For the first quarter ended March 30, 2008, operating margins improved due to the above mentioned increased sales, improvement/reduction in excess capacity resulted from collecting on the ongoing restructuring and manufacturing operations alignments, and relocations efforts to lower cost countries. Further, the improvement in operating losses resulted from lower employee-related expenses due to reduced headcount, which was partially offset by higher professional fees and employee related compensation in 2008. We continue to focus on these costs to ensure they are aligned with the business.
Facility consolidation charges represent facility closure and exit costs associated with our ongoing restructuring plans. Charges include severance, asset impairment, and costs related to moving people and businesses. We continue to incur such expenses as we implement those restructuring plans.

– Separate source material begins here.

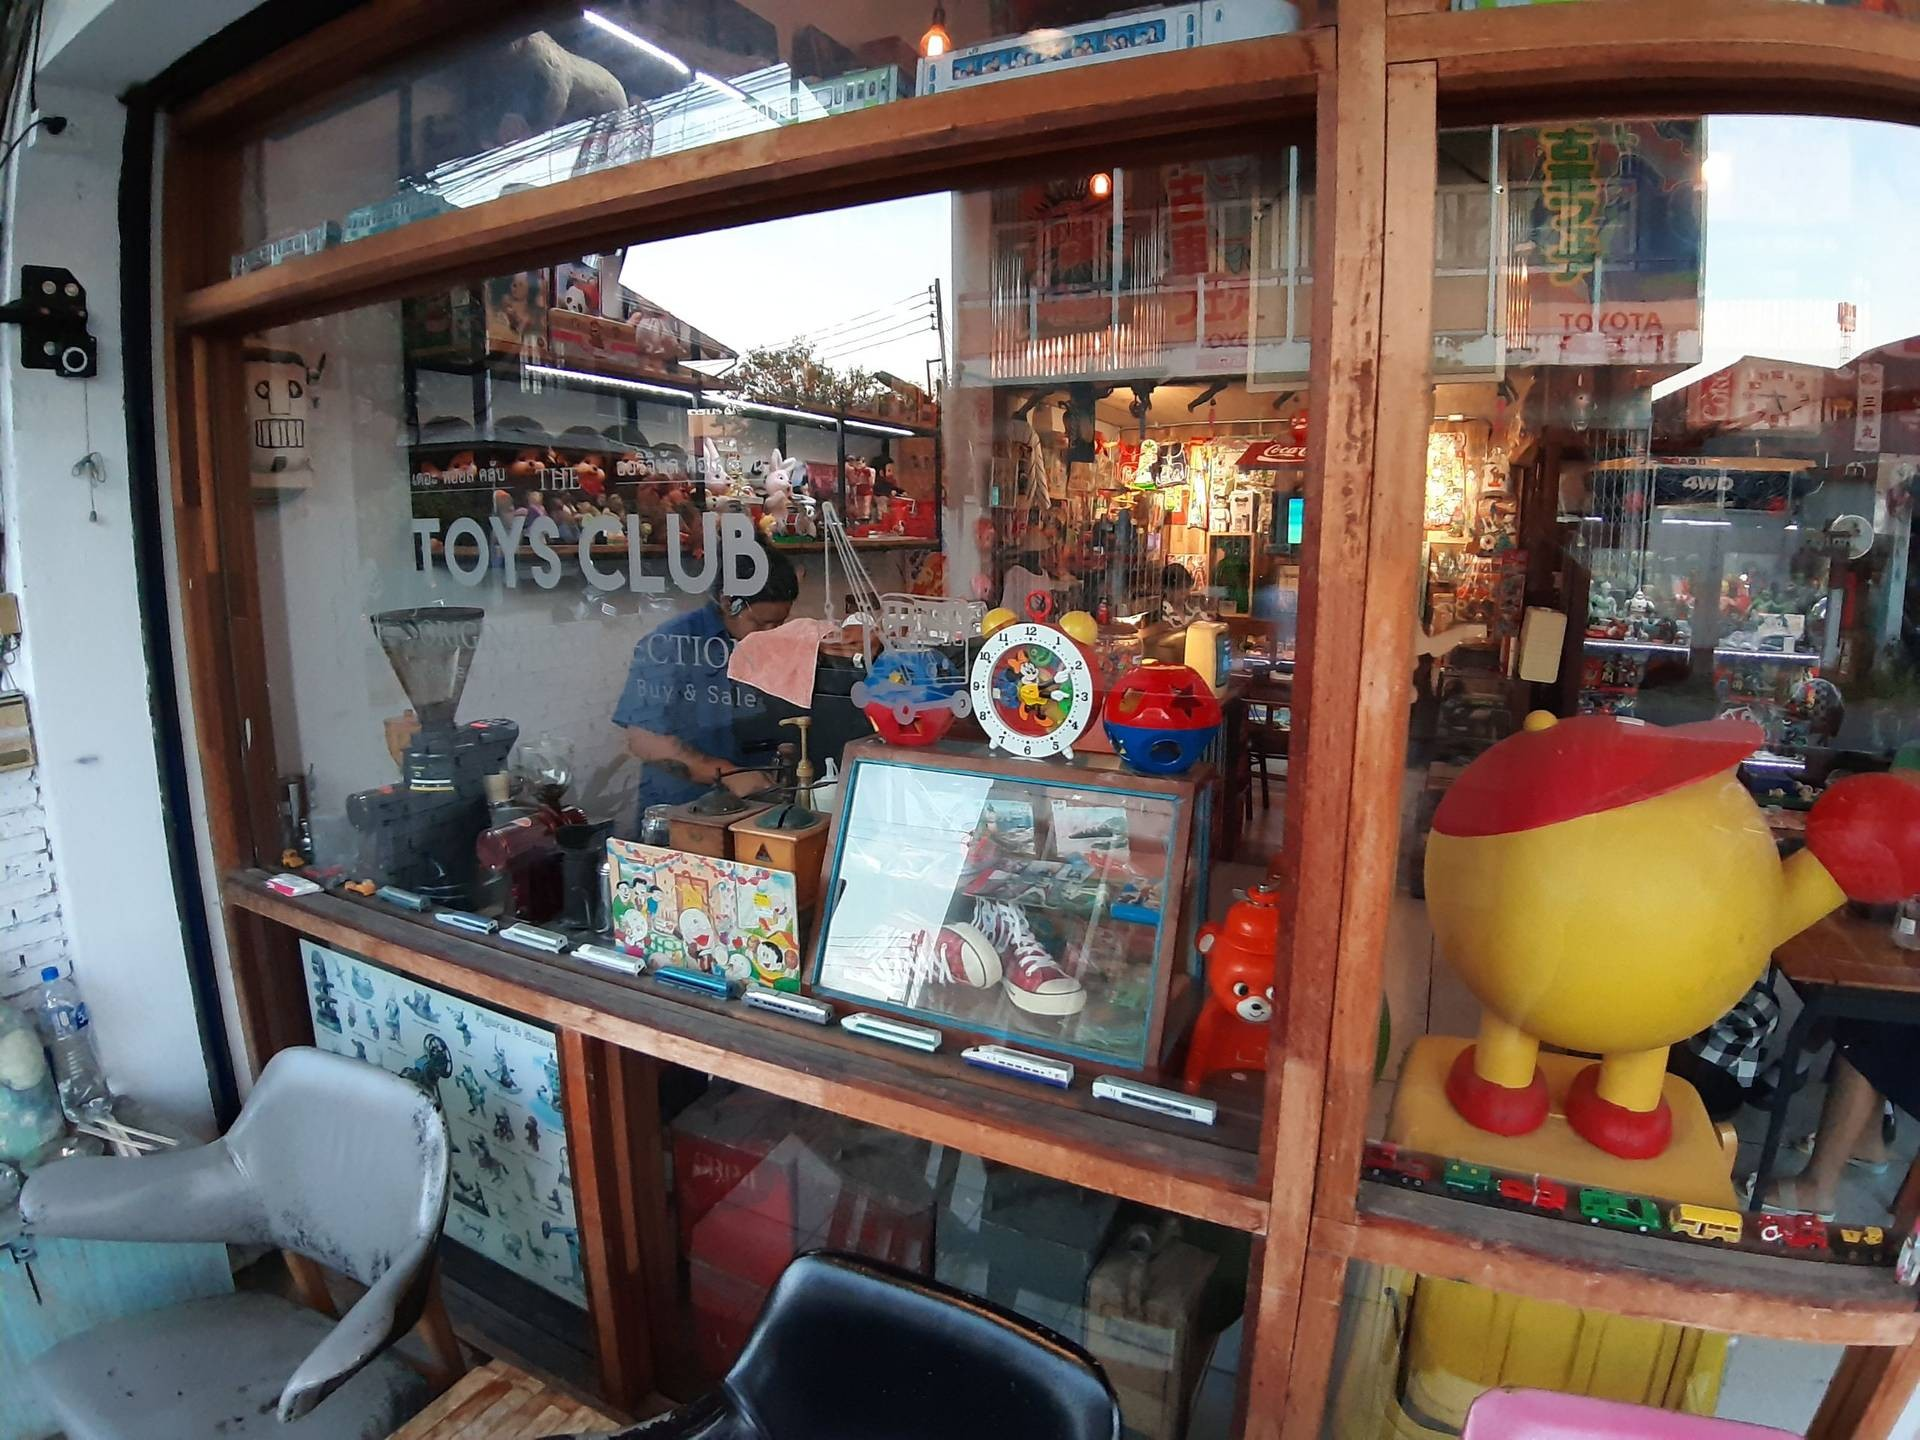 Toy Shop & บดิศร Slow Bar

Reorganization items represent primarily professional fees directly related to Chapter 11, which include fees for advisors to the Debtors, unsecured creditors and secured creditors, as we come closer to our emergence date, and fees related to extension and renewal of the Debtor-In-Possession financing.
During the second quarter ended July 2, 2006, we provided a full valuation allowance against all applicable U.S. deferred tax assets. In 2007 and 2008, we have continued to provide a full valuation allowance against all applicable U.S. deferred tax assets.
Discontinued operations – In August 27, 2007, we completed the sale of our Atwood segment for consideration of $160.2 million, adjusted with certain purchase price adjustments, as per the purchase price settlement agreement and mutual release, dated March 28, 2008. Prior year amounts have been reclassified to reflect the sale of Atwood in 2007 that is required to be reported as a discontinued operation under SFAS No. 144 “Accounting for the Impairment or Disposal of Long-Lived Assets”. Further, in 2008, we recognized a one-time favorable adjustment from the settlement of a lease obligation related to the 2002 divestiture of our Mechanical Assemblies Europe business, a discontinued operation.